Meanwhile, when the tubing is moving quickly through the measurement zone, the tubing motion may blur or smooth signal spikes that are actually due to tubing defects, thereby hiding those defects from operator observation. That is, with conventional instruments, high-speed tubing motion may mask or obscure tubing wall defects. This phenomenon can be likened to the image blurring that can occur when a person takes a photograph of a fast moving car.

To address these representative deficiencies in the art, what is needed is an improved capability for evaluating tubing, for example in a petroleum application wherein the tubing is being placed into or drawn from an oil well. A further need exists for processing digital signals, samples, or snapshots of a physical parameter of the tubing. A further need exists for an instrument that can apply a flexible level of processing, filtering, or averaging to a signal from an instrument that is scanning or evaluating the tubing. Yet another need exists for processing instrumentation signals in a manner that smoothes noise while preserving signal structure indicative of valid tubing defects. Still another need exists for converting analog instrumentation or transducer signals into digital signals while accounting or compensating for changes in tubing speed. A capability addressing one or more of these needs would provide more accurate, precise, repeatable, efficient, or profitable tubing evaluations.

The present invention supports evaluating an item, such as a piece of tubing or a rod, in connection with placing the item into an oil well or removing the item from the oil well. Evaluating the item can comprise sensing, scanning, monitoring, inspecting, assessing, or detecting a parameter, characteristic, or property of the item.

In one aspect of the present invention, an instrument, scanner, or sensor can monitor tubing, tubes, pipes, rods, hollow cylinders, casing, conduit, collars, or duct near a wellhead of the oil well.

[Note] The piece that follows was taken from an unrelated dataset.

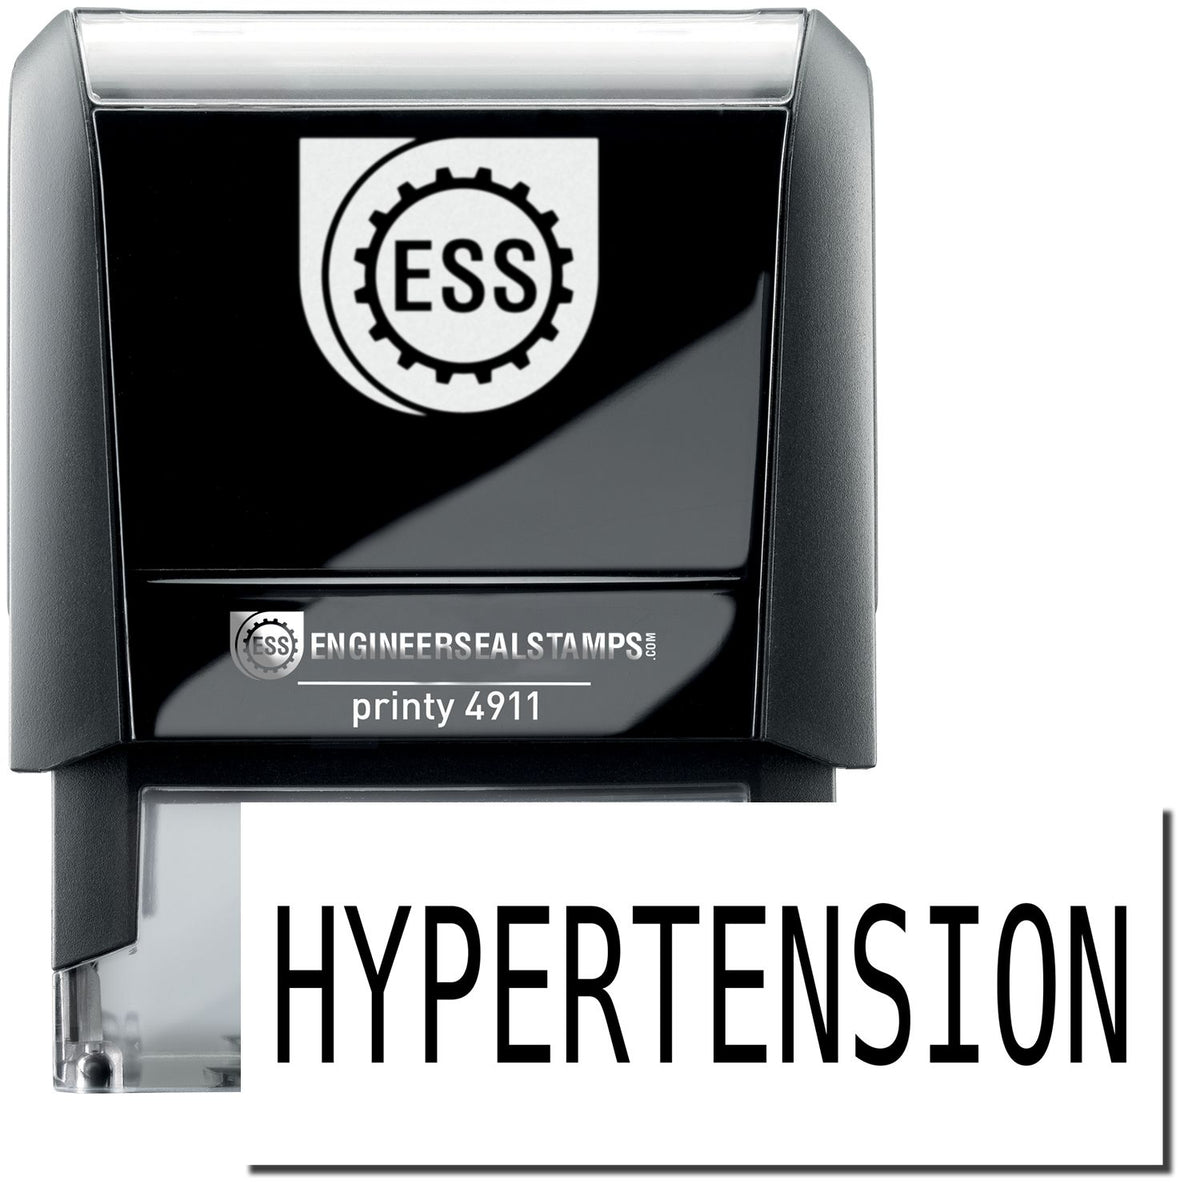 A self-inking stamp with a stamped image showing how the text &quot;HYPERTENSION&quot; is displayed after stamping.

The instrument can comprise a wall-thickness, rod-wear, collar locating, crack, imaging, or pitting sensor, for example. As a field service crew extracts tubing from the oil well or inserts the tubing into the well, the instrument can evaluate the tubing for defects, integrity, wear, fitness for continued service, or anomalous conditions. The instrument can provide tubing information in a digital format, for example as digital data, one or more numbers, samples, or snapshots. The instrument can digitally process acquired data to improve the data's fidelity, quality, or usefulness. Subjecting the tubing data to digital signal processing (“DSP”) can promote data interpretation, for example to help a person or a machine better evaluate whether the tubing is acceptable for installation in the oil well. Processing tubing data can comprise applying a flexible level of filtering, smoothing, or averaging to the data, wherein the level changes based on a criterion or according to a rule. The level can vary in response to a change in tubing speed, noise in the raw data, or some other parameter. For example, the instrument can suppress or attenuate signal variations associated with or attributable to noise, random events, or conditions that typically have little or no direct correlation to valid tubing defects. Meanwhile, the instrument can process signals in a manner that preserves signal structures, spikes, or amplitude changes, that are indicative of actual tubing defects.

The discussion of processing tubing data presented in this summary is for illustrative purposes only. Various aspects of the present invention may be more clearly understood and appreciated from a review of the following detailed description of the disclosed embodiments and by reference to the drawings and any claims that may follow. Moreover, other aspects, systems, methods, features, advantages, and objects of the present invention will become apparent to one with skill in the art upon examination of the following drawings and detailed description. It is intended that all such aspects, systems, methods, features, advantages, and objects are to be included within this description, are to be within the scope of the present invention, and are to be protected by any accompanying claims.

FIG. 1 is an illustration of an exemplary system for servicing an oil well that scans tubing as the tubing is extracted from or inserted into the well in accordance with an embodiment of the present invention.

FIG. 2 is a functional block diagram of an exemplary system for scanning tubing that is being inserted into or extracted from an oil well in accordance with an embodiment of the present invention.

FIGS. 3A and 3B, collectively FIG. 3, are a flowchart of an exemplary process for obtaining information about tubing that is being inserted into or extracted from an oil well in accordance with an embodiment of the present invention.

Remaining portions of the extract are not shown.